Why doesn't having twenty-one working patterns give you a working agent? (§1 — the patterns are constraints on one shared state object and they interact; an unbounded reflection loop, a crash from a bolted-on tool error, or runaway memory growth are interaction failures no single pattern owns. Composition is making those interactions explicit.)
Walk through where each pattern sits in the agent control loop. (§2 — intake/contract, route, plan + goal-monitor, then an act/observe loop with tools, retrieval, memory, guardrail and budget per step, recovery on error, reflect/verify, human gate on risk, and trace scoring at the end — all over one persistent state object.)
Estimate the cost and latency of one multi-step coding task, then cut it. (§3 — e.g. 8 steps × ~12k input + ~1.5k output ≈ $0.47 and ~112 s; cut with prompt caching of static context, routing trivial steps to a cheaper model, and a hard budget cap to bound the failure case.)

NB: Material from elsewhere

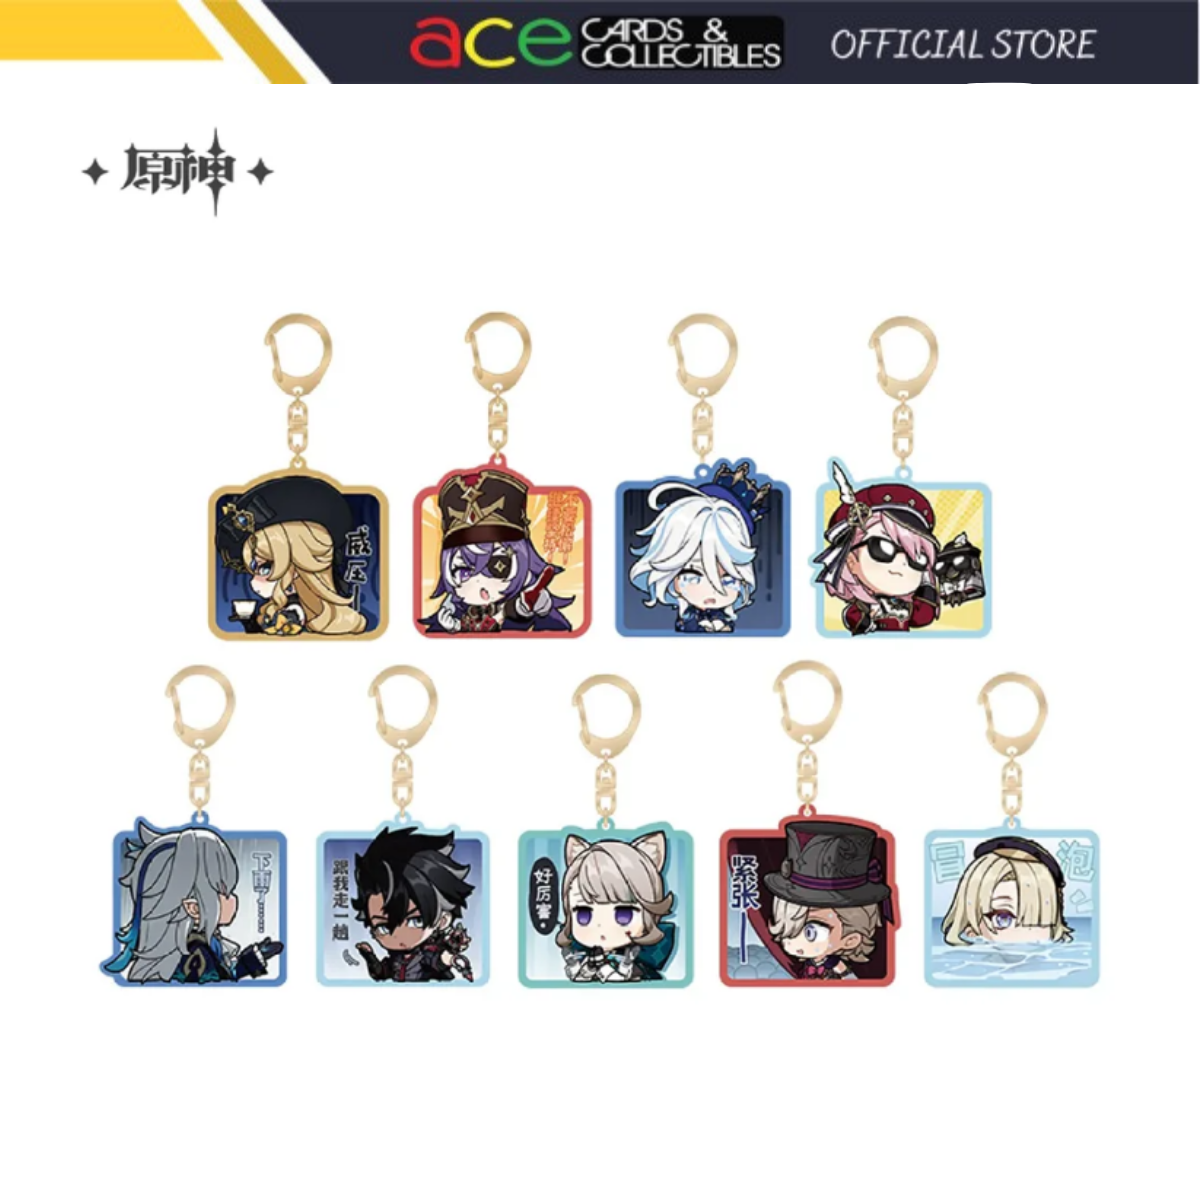 miHoYo Genshin Impact Chibi Fontaine Character Expression Sticker Keychain-Lyney-miHoYo-Ace Cards &amp; Collectibles

LangChain vs LangGraph vs ADK vs CrewAI — how do you choose? (§4 — LangChain for linear DAGs with no loops; LangGraph for stateful loops with explicit persistent state (the home for an agent loop); ADK and CrewAI hide the graph for managed multi-agent teams. Pick by the abstraction that exposes the state, control, and observability you need — not by fashion.)
Describe the book's human-led agent team and the reviewer's two passes. (§5 — human as orchestrator/architect and final gate; specialist personas for scaffolding, testing, docs, and optimization; the reviewer first critiques like a static analyzer, then reflects on its own critique to emit prioritized, actionable feedback. Backed by deliberate context, versioned prompts, and a pre-commit Git hook.)
How do you safely ship a new version of a non-deterministic agent? (§6 — you cannot prove correctness, only guard against regression: a suite of saved traces scored on the whole trajectory (tool_failure, unsafe_action, budget_blowout, the coding patch, etc.) that a new prompt/model/framework must clear before release.)
Where does "vibe coding" belong, and where does it break? (§5 callout — strong for discovery/ideation (beating the blank page, exploring APIs, prototyping), but robust software needs the structured shift to a specialist-agent team with explicit context, tests, and review; don't ship the spark.)